■ TASK REQUIREMENTS
Output begins at the line with "Belgian Malinois plays with children" and ends at the last line of the records below. Copy each line in that span exactly, and leave out pictures.

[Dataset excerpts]

———

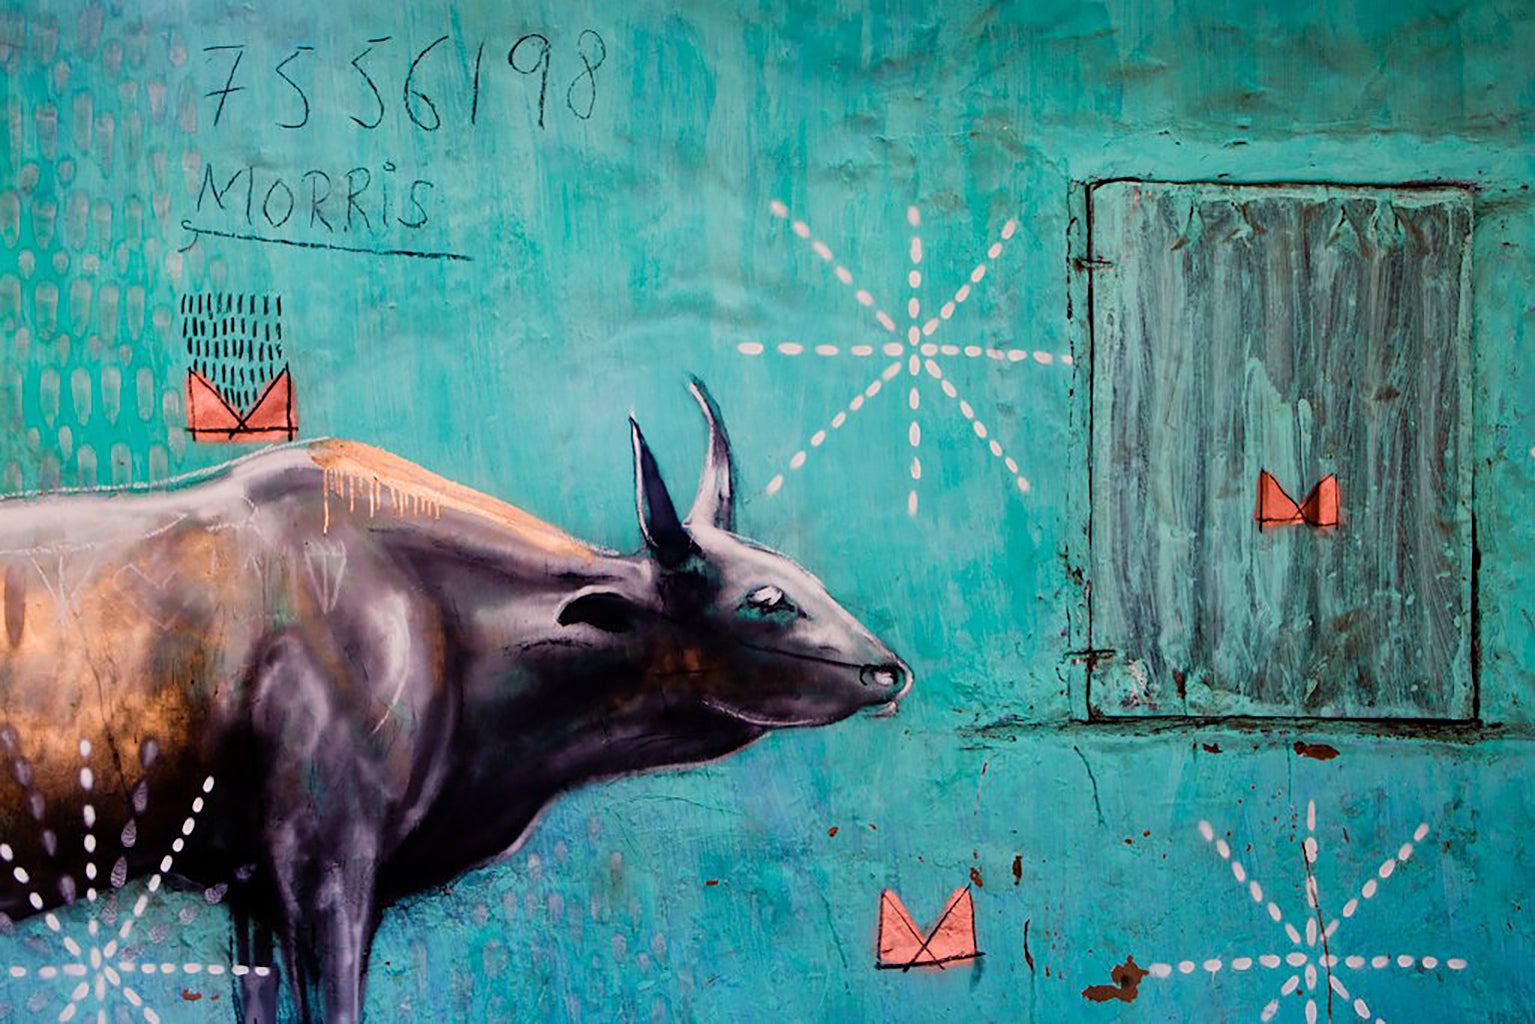 Based in The Gambia, Wide Open Walls is a spectacular local village living art project.  A collaboration by Lawrence Williams (co-founder of Mandina Lodges and Makasutu Reserve) and local artist Njogu Toray (known as Bushdwellers), was the start of something special. An idea to turn part of the village of Kubuneh within the Ballabu area of The Gambia into a living art project saw street artists from around the world visit several times from 2009 to 2011 to paint graffiti art on the walls throughout the village. The result, a spectacular outdoor gallery of artwork capturing the essence of village life and the West African environment.  Today, the project has grown to more then 400 works of art across 14 villages in the area which travellers to Makasutu are welcome to visit. If you would like to view more of this unique village art, watch this YouTube clip or visit Mandina Lodges.
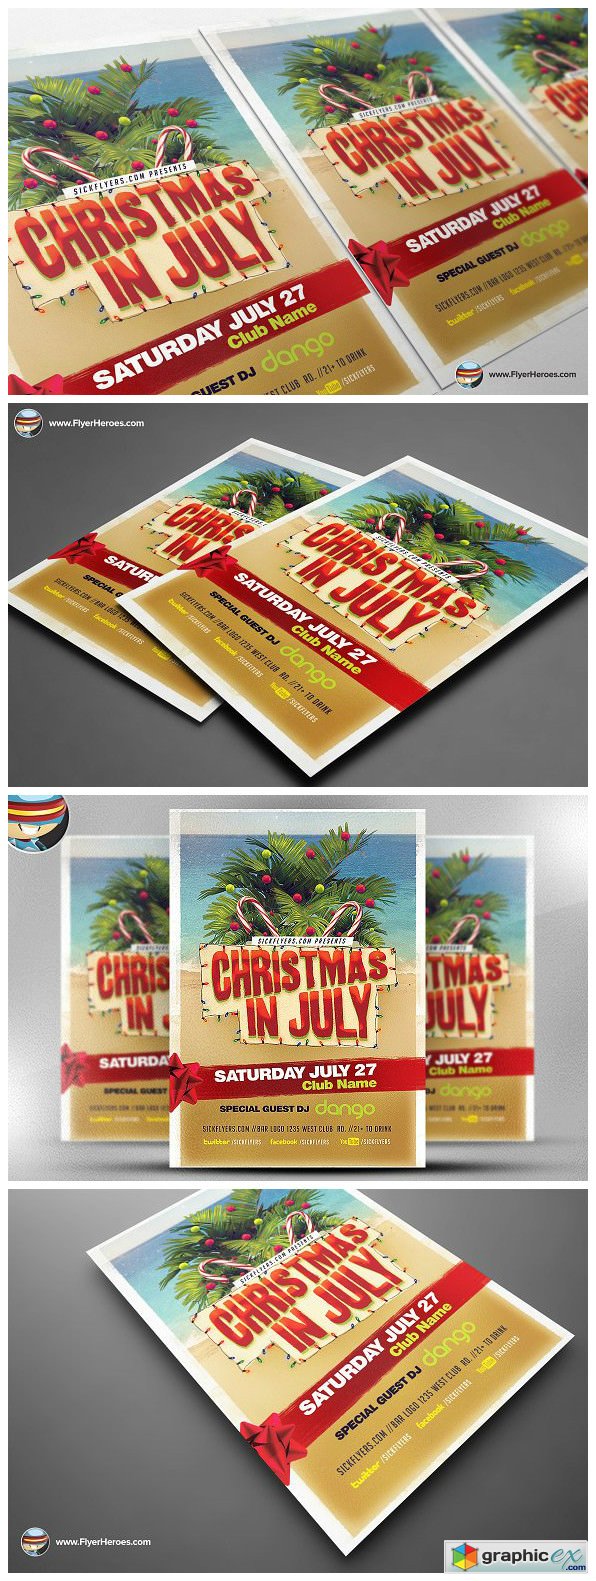 Christmas in July Flyer Template v2
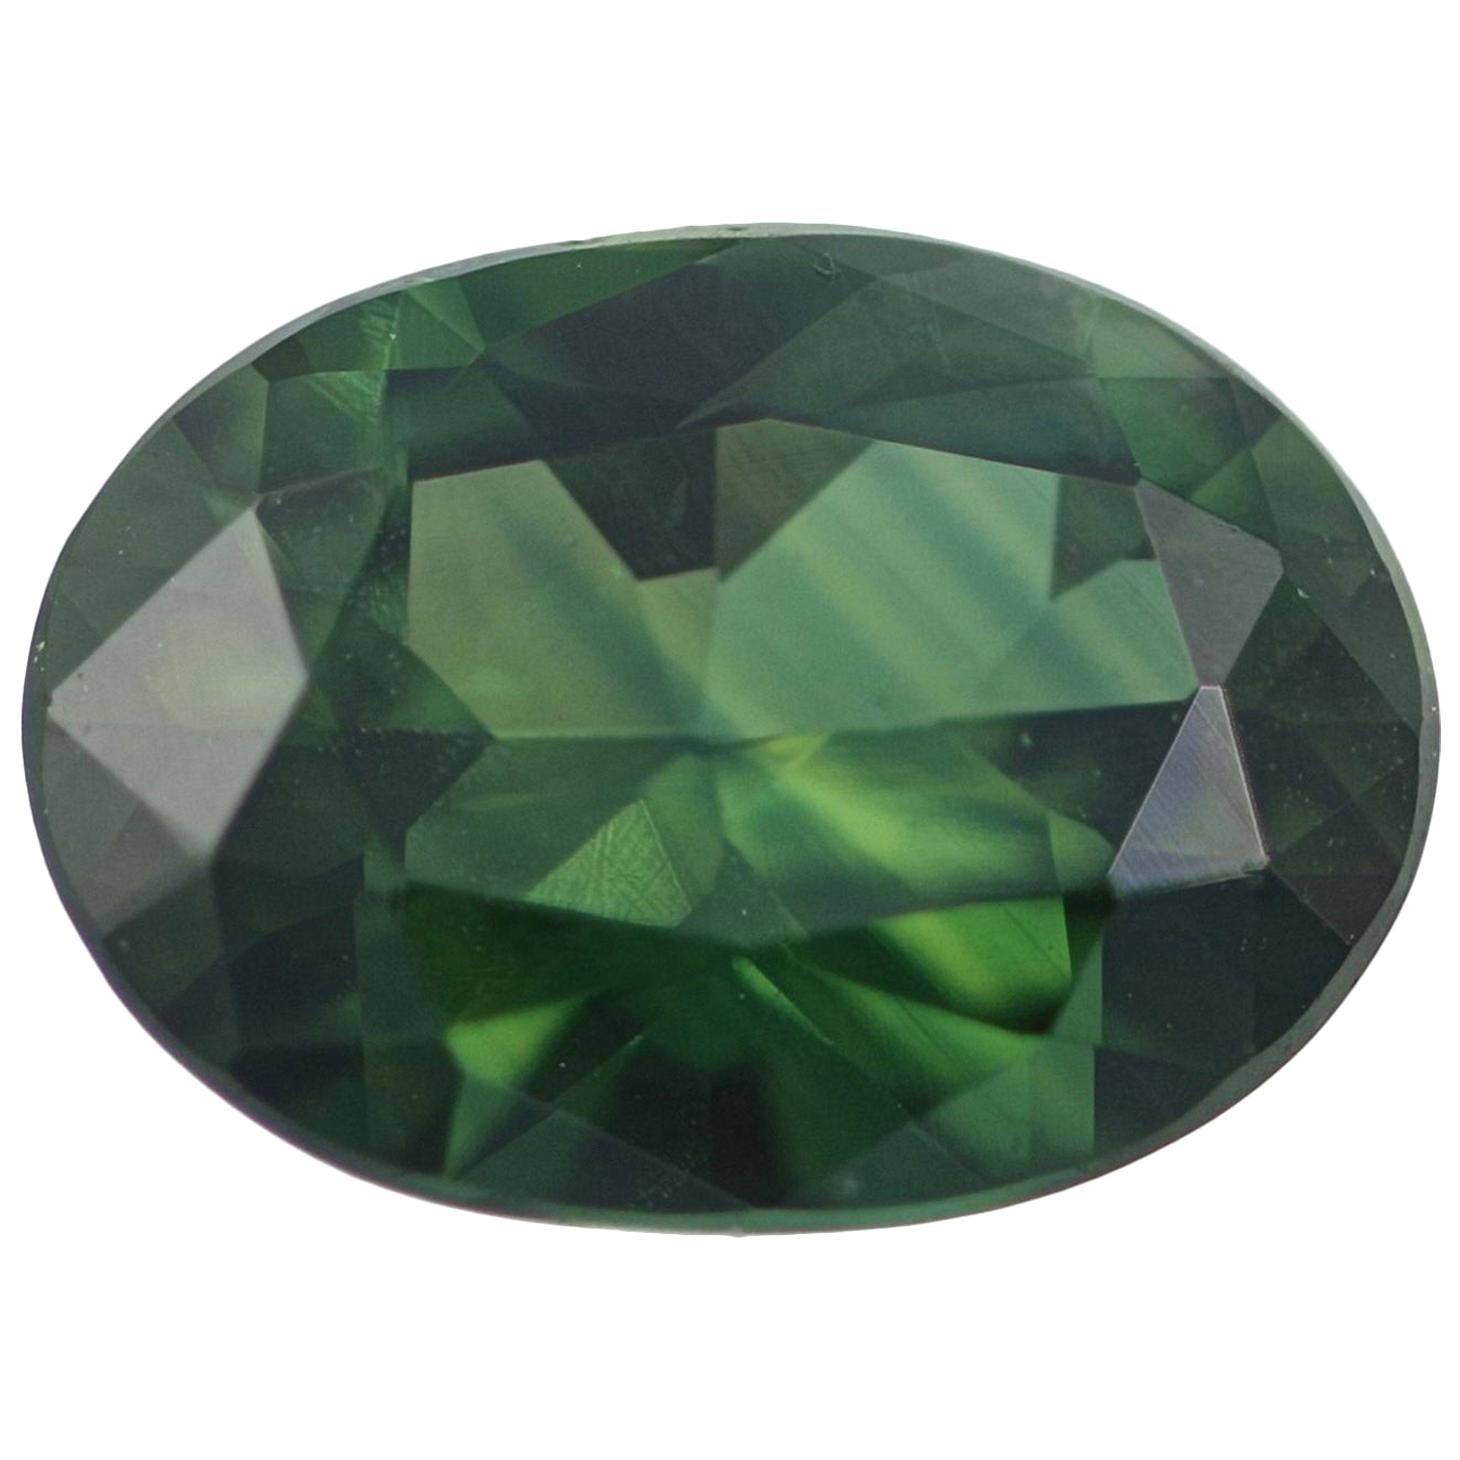 Loose Sapphire, Oval Cut 1.22 Carat Green Solitaire
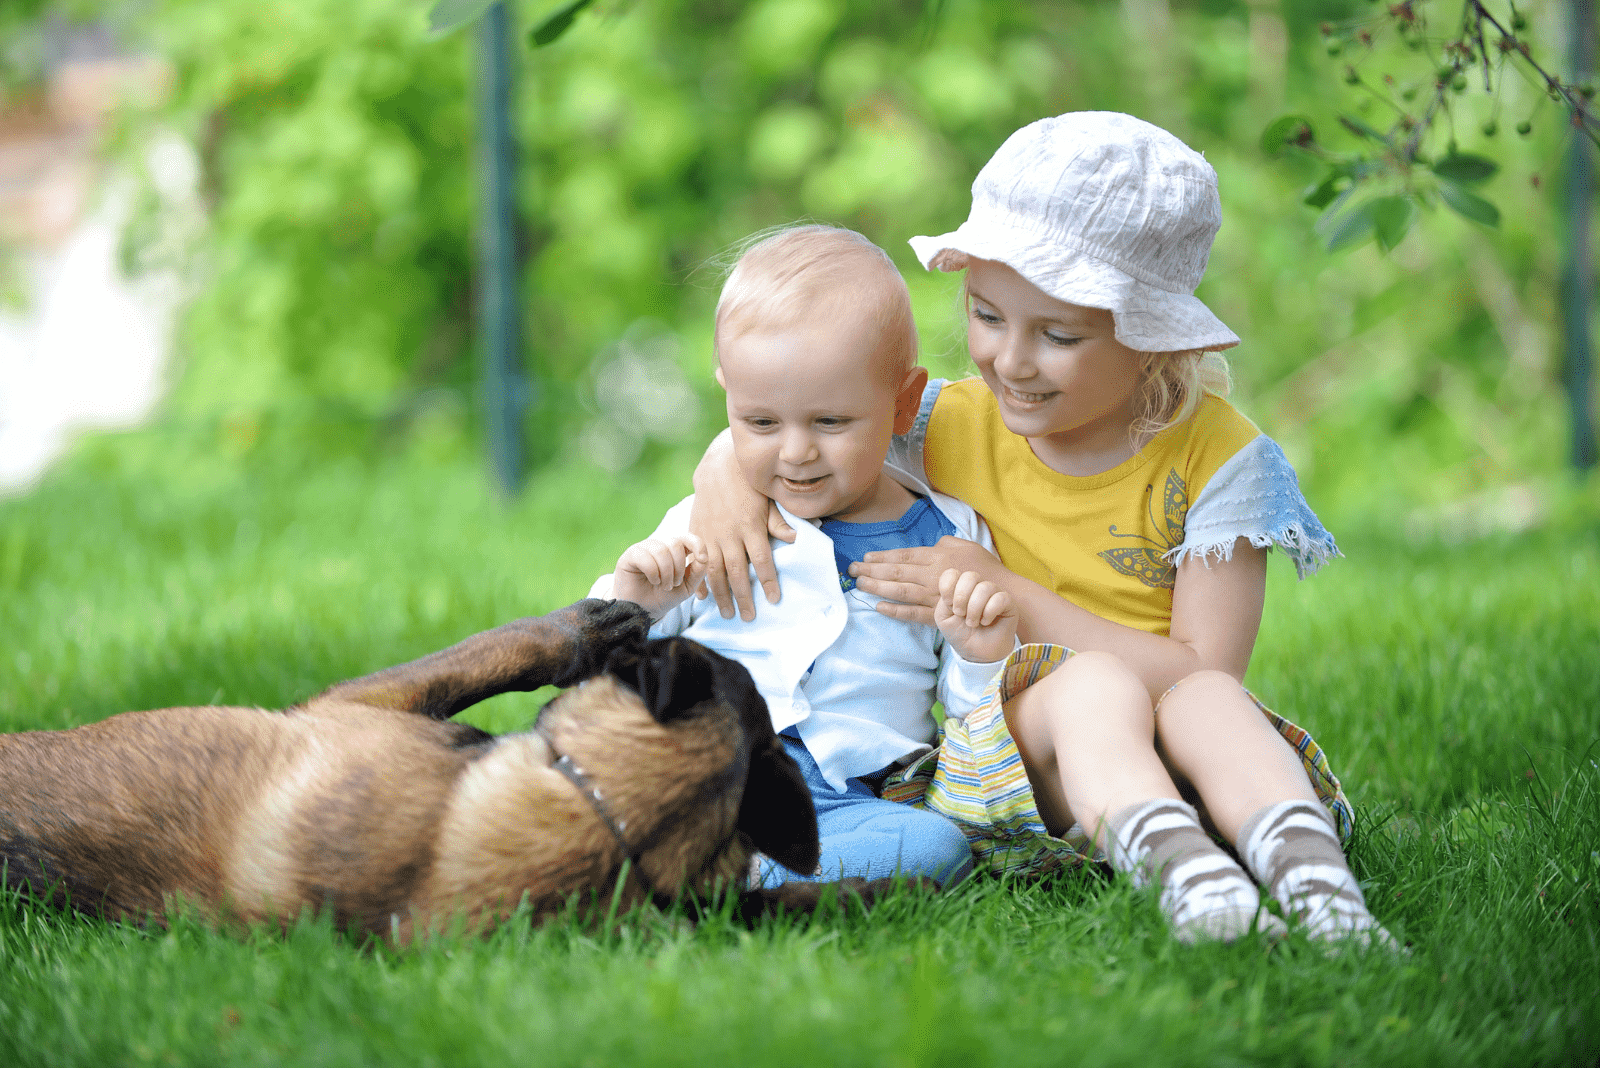 Belgian Malinois plays with children
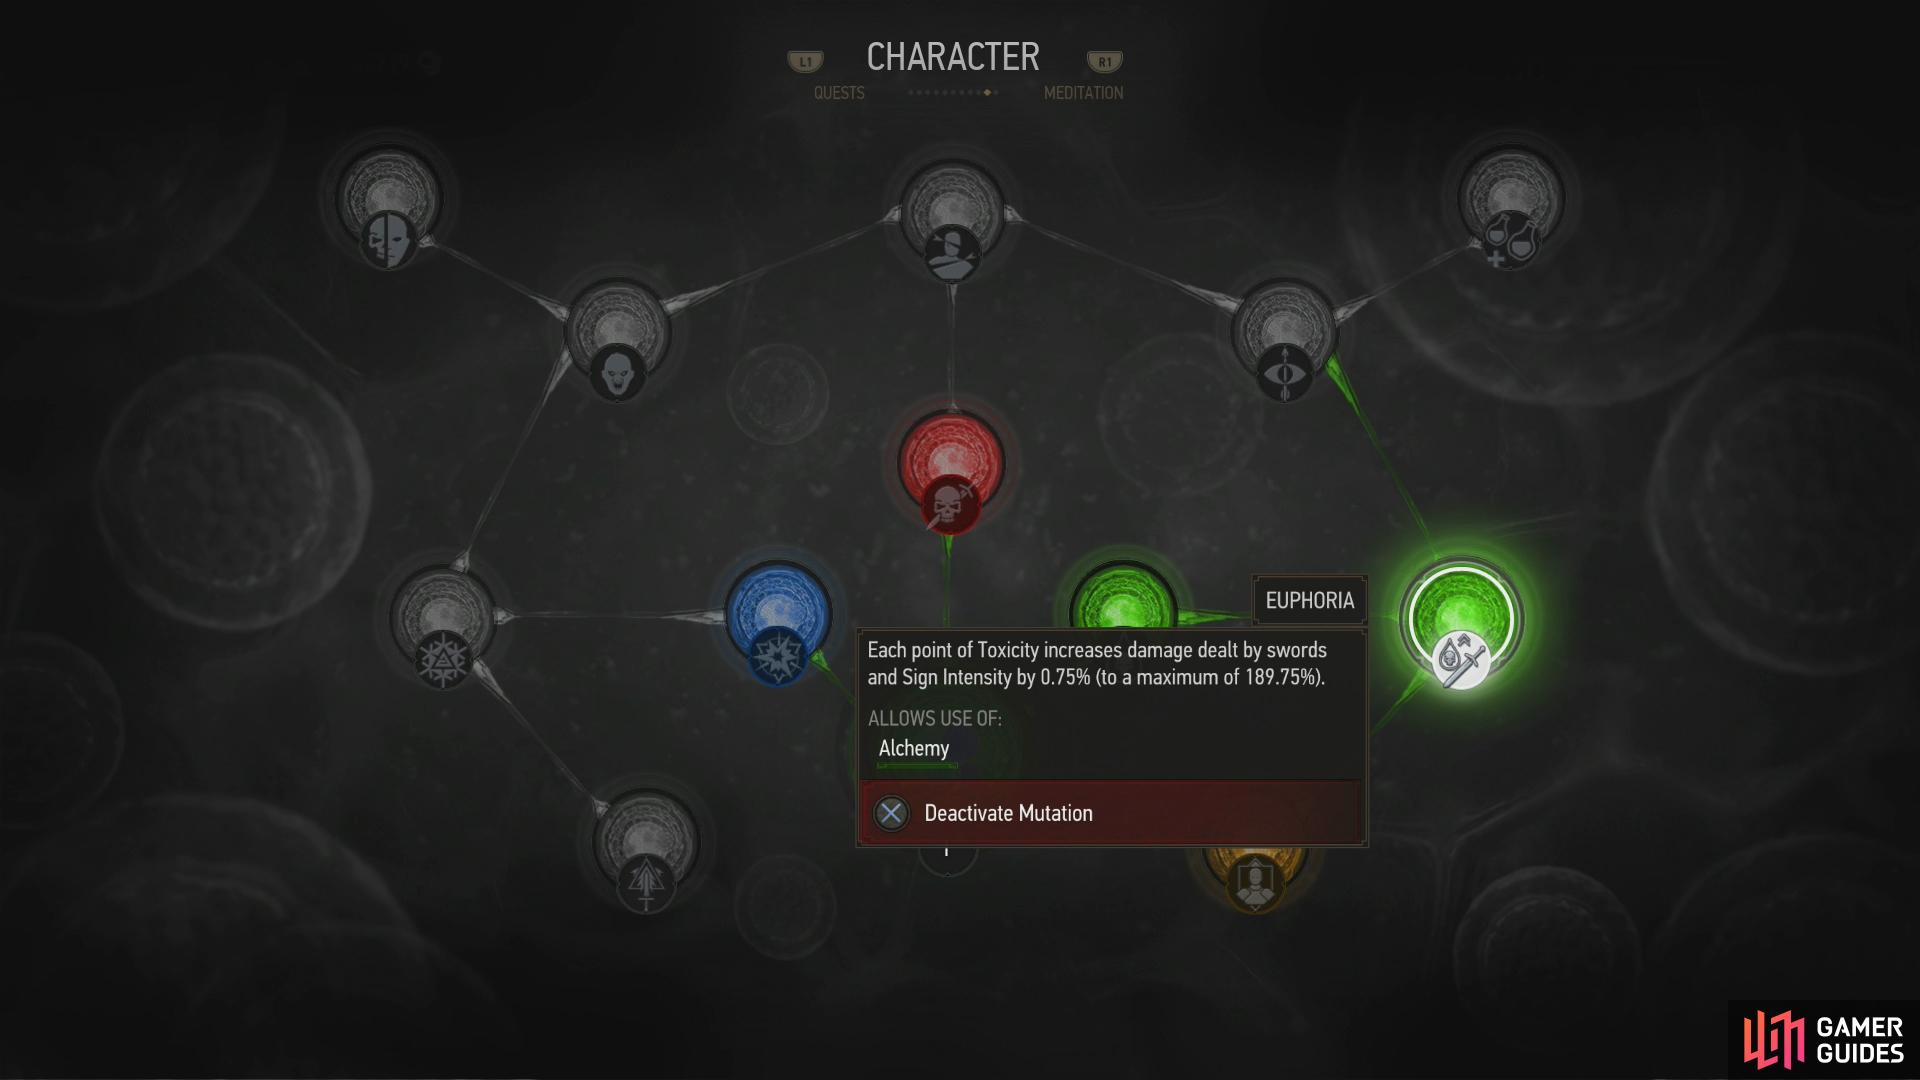 You'll unlock the Mutations Tree, where you can spend Ability Points and Greater Mutagens to unlock new abilities.

———

■ TASK RESPONSE
 Belgian Malinois plays with children
 You'll unlock the Mutations Tree, where you can spend Ability Points and Greater Mutagens to unlock new abilities.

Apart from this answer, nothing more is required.